My thoughts quickly moved on to the song itself: the desperation of unrequited love that is so easily visible in regard to an unthinking creature like my fish, and the strange applicability of a song concerned with human love to an uncaring creature that sits on my desk. The connection between the song, the fish and myself faded as the song came to an end. I was reminded of the strange hum following a particularly emotional live performance when the connection is broken and the artist looks out at a sea of people, only to realize that they don’t have a real connection with any of them — this same realization, of course, is reflected in each concert-goer’s eyes. This strange sensation marks the jarring end of the reprieve that a connection made by music can provide.

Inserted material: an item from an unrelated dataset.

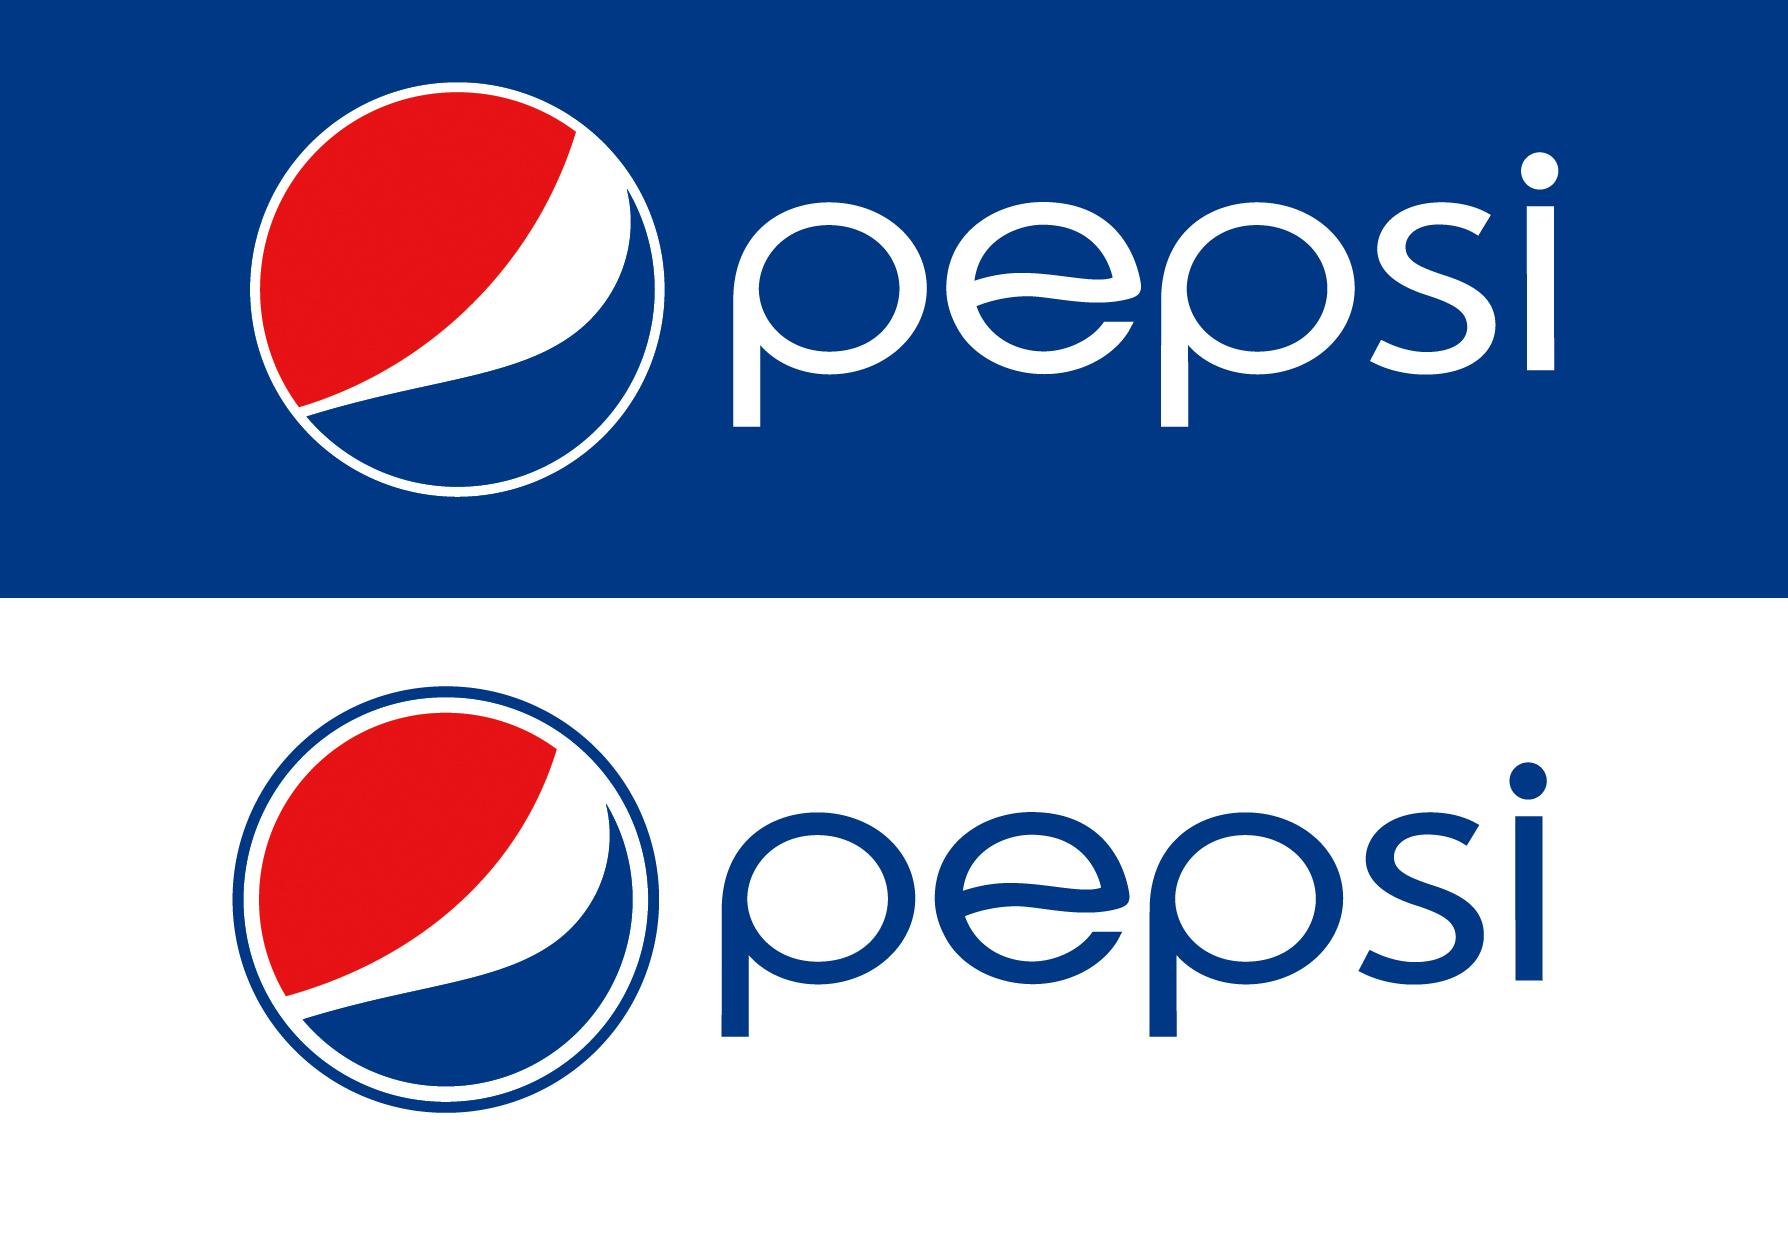 Với sự thay đổi này, logo của nhãn hiệu nước giải khát Pepsi có phần nổi bật và dịu mắt hơn (Ảnh: fedudesign)

I experienced this same sensation when I realized that the fish was incapable of feeling the same value towards me as I experienced in the half-second I thought he was dead. This pale image of unrequited love followed me around for days, leaving me to wonder if there is a reason for all those fish metaphors when talking about love. 

My fish continued to swim around unknowingly, as it was expected to do. I found myself in a similar situation only days later. As I was watching him, waiting for my roommate to start up “Grey’s Anatomy” on her laptop and mindlessly munching on Baby Goldfish crackers, I childishly felt the need to share my snack with him. I watched the cracker plop into the water and slowly start to disintegrate, only to hear my roommate ask what I was doing.

I suddenly remembered a book I read last summer where the narrator fed his lover’s goldfish crackers only for them to die the next morning. As I plunged my hand into Ezra’s tank, I remembered the narrator’s lament for the rest of the book: “But why did they have to die?” I was once again reminded of the toxicity of unreturned love, of simply wanting to share or provide in a way that is damaging. I was once again presented with art I had previously found to be absurd; I once again saw the absurdity of unrequited love.

Again, I overthought the situation, desperate for the people around me to find the same meaning in it as I did. I even texted someone I hadn’t talked to since June about it, but my roommate simply hit play on Netflix, my friends laughed at another story of my ditziness and the text reply was about the book. I continued to think about it and tell anyone who was willing to listen to the story, looking for someone to explain the emptiness of fish ownership to me.

I was coming back from a shower, simultaneously reprimanding myself for overthinking and thinking about the absurdity of my writing this piece about a literal fish, when I looked on the closet door to see a collection of rainbows dancing along the wood — they had appeared as a result of Ezra’s tank, which acts as a prism at sunset. I immediately took a picture and sent it to my friends, who all responded with cute comments. I realized that they probably understood all along — the feeling of connection that comes with listening to your favorite artist for the first time or reading a good book was back. The feeling of the universe gifting you something to help you understand was setting in. I can’t write a novel or create a music video, but I do get to participate in the absurd life that inspires art. Sometimes, that’s enough. In the end, I realized this all because of a stupid fish — that, and an even dumber rainbow.